# Onks? Saanks?



## toonarmy

Hello everyone, I've been using Wordreference for ages and I had never realized there is a finnish forum in english! 
You could be my saviours, this language is a hell 

Now coming to the point, a question that I've always wondered and never found an answer for: this spoken abbreviations with "ks" can be made with any verb or just with some of them? If so, is there a general trend to pick the right ones? And do they only replace suffix "ko" or also something else?
Thanks in advance!


----------



## altazure

My intuition says it can be used with any verb; at least I can't think of any verbs where I wouldn't use it.

In second person singular, -ks also replaces the -t- personal suffix:

Saatko (sinä)? -> Saaks sä? (usually pronounced "saaksä")
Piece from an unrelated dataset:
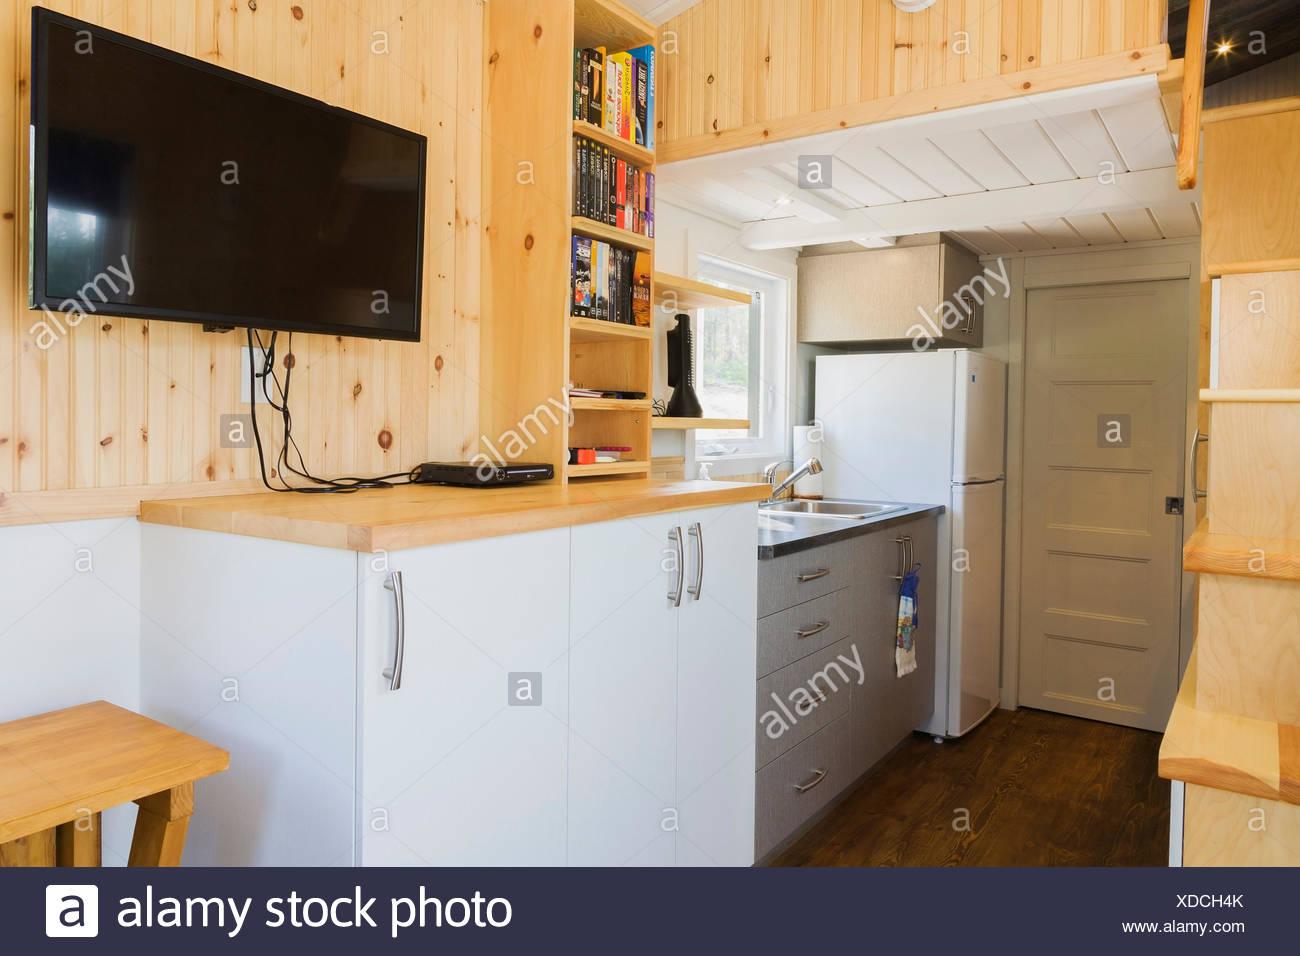 Kitchen Island Foot Closeup On Wooden Floor

NB! As you may know, in spoken language, plural first and third persons ((me) saamme,  (he) saavat; Saammeko (me)? Saavatko (he)?)  are replaced with the  passive and singular third person, respectively. The -ks suffix is only  used with these colloquial forms, whereas the "grammatically correct" forms can only have the -ko suffix.

Me saamme. -> Me saadaan.
He saavat. -> Ne/He saa. ("Ne" is usually used instead of "he" in colloquial language)
Saammeko me? -> Saadaanko me? -> Saadaanks me? ("Saammeks me?" is not used)
Saavatko he? -> Saako ne? -> Saaks ne? ("Saavaks he?" is not used)


----------



## toonarmy

Thank you very much! 
I knew about the spoken forms of the plural first and third persons, but I didn't know that ks would be used only with these forms and not with the "correct" ones 
So as far as I understand with plural persons you never use it, do you? Like "ovatko?" = "ovaks?" for example.


----------



## altazure

Yes, you never use it like that. "Ovatko (he)?" becomes "Onks (he/ne)?"

Remember though, you can still say "Onko (he/ne)?" instead. This sounds a bit more formal.


----------



## toonarmy

Cheers!


----------



## Gwydda

Worthwhile pointing out is the second person singular variable -ts-, as in "_osaatsä laulaa?_". 

I was talking about this the other day with some friends, and most of us would when chatting (Facebook, whatsup etc.) write that out as a single word. So not "Osaat sä laulaa?"
I think it's also being reflected in the pronunciation: there's no stress on the final syllable.




			
				altazure said:
			
		

> Saammeko me? -> Saadaanko me? -> Saadaanks me? ("Saammeks me?" is not used)



 Although I'd say "_saa'aks me_"


----------